* AVAILABLE RECORDS:

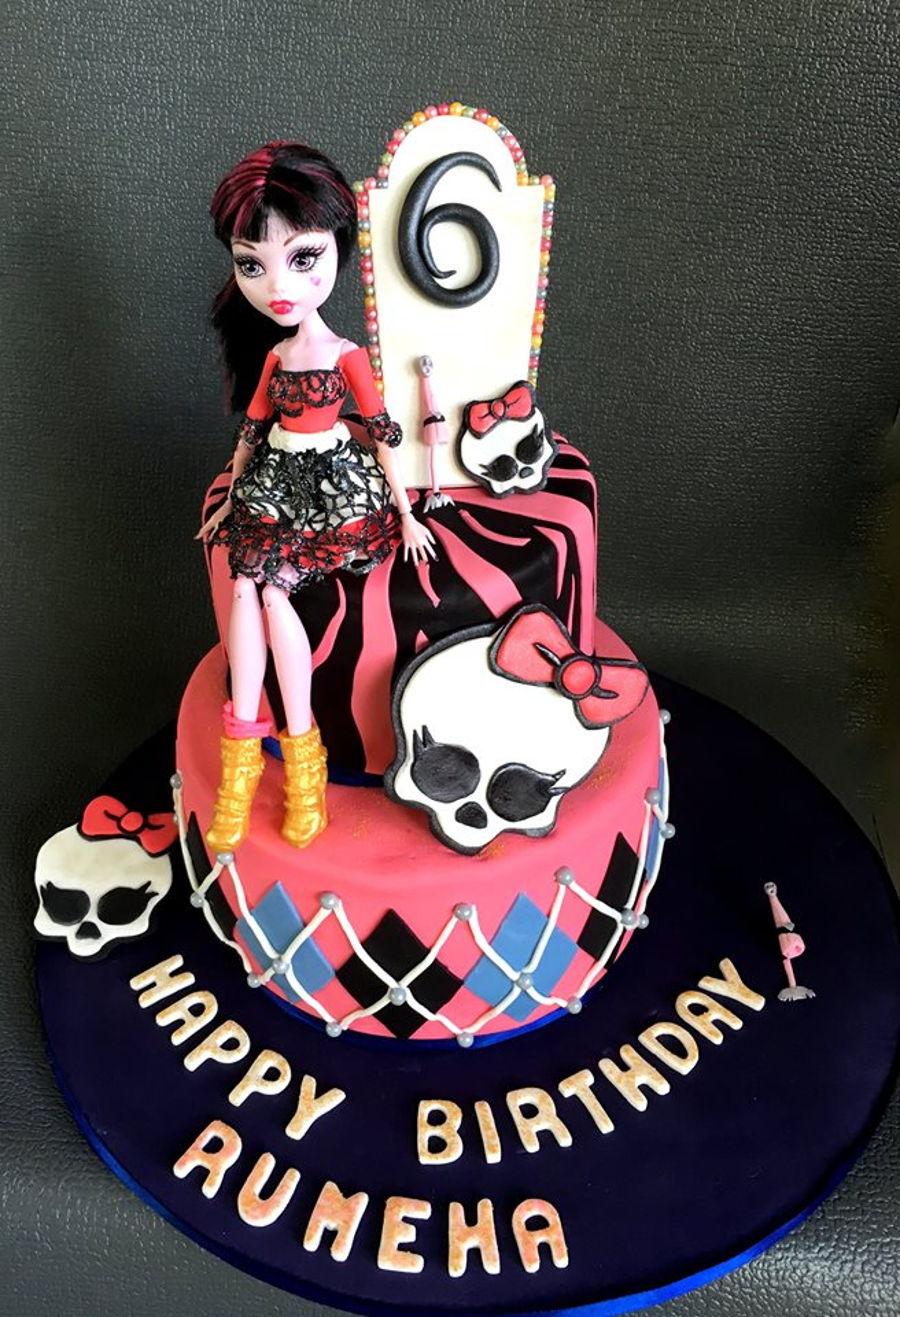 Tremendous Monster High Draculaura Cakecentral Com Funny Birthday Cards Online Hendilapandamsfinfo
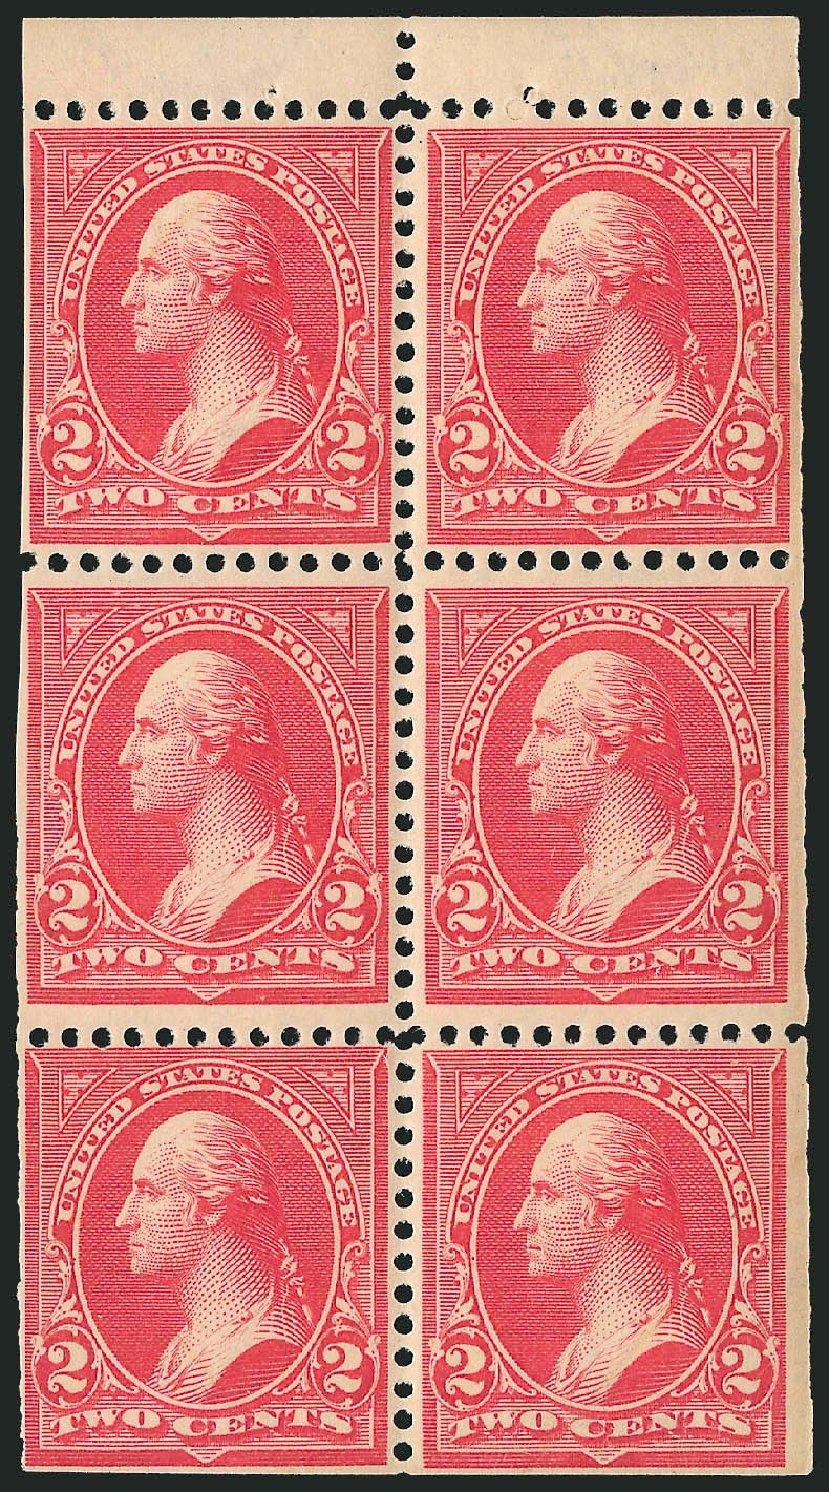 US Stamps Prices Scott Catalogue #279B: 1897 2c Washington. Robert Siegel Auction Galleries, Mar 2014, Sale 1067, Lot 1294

--

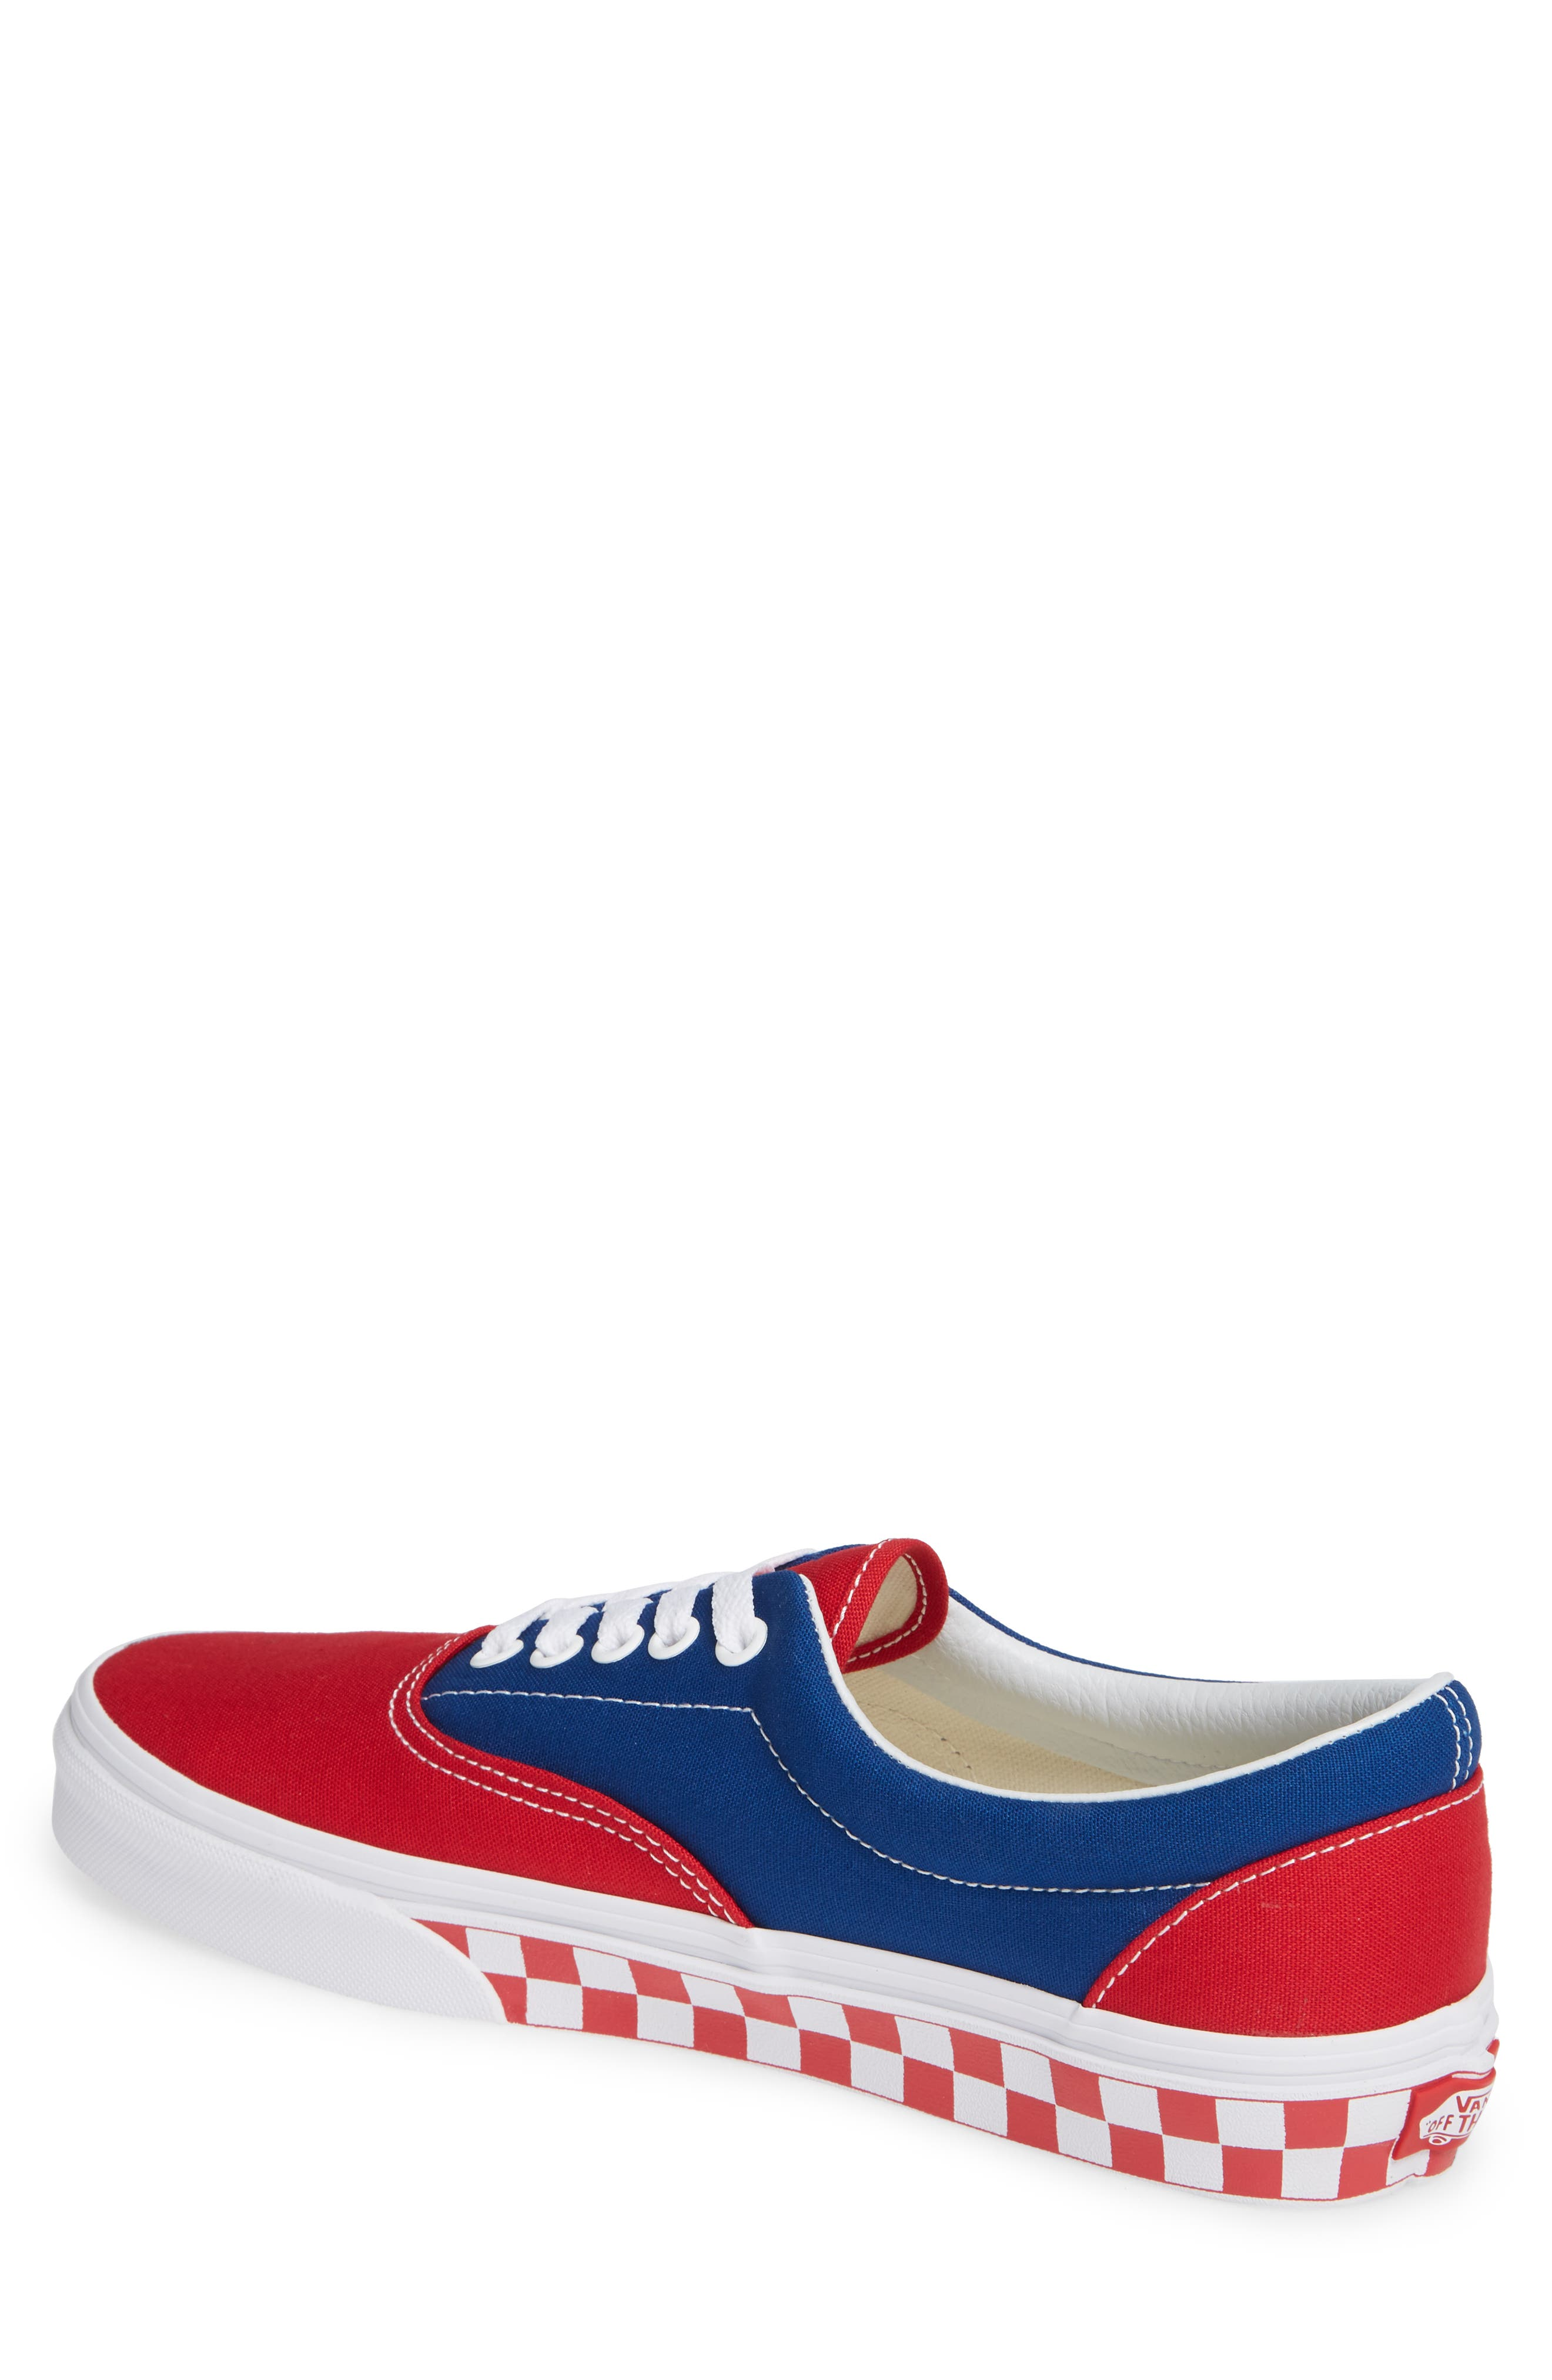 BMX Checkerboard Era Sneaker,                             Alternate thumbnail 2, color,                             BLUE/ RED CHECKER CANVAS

* DESCRIPTION OF THE TASK:
Would you please reproduce the entries above, starting at the line with "Tremendous Monster High" and stopping after the line with "US Stamps Prices"? Omit any pictures.

* RESULT OF THIS EXERCISE:
 Tremendous Monster High Draculaura Cakecentral Com Funny Birthday Cards Online Hendilapandamsfinfo
 US Stamps Prices Scott Catalogue #279B: 1897 2c Washington. Robert Siegel Auction Galleries, Mar 2014, Sale 1067, Lot 1294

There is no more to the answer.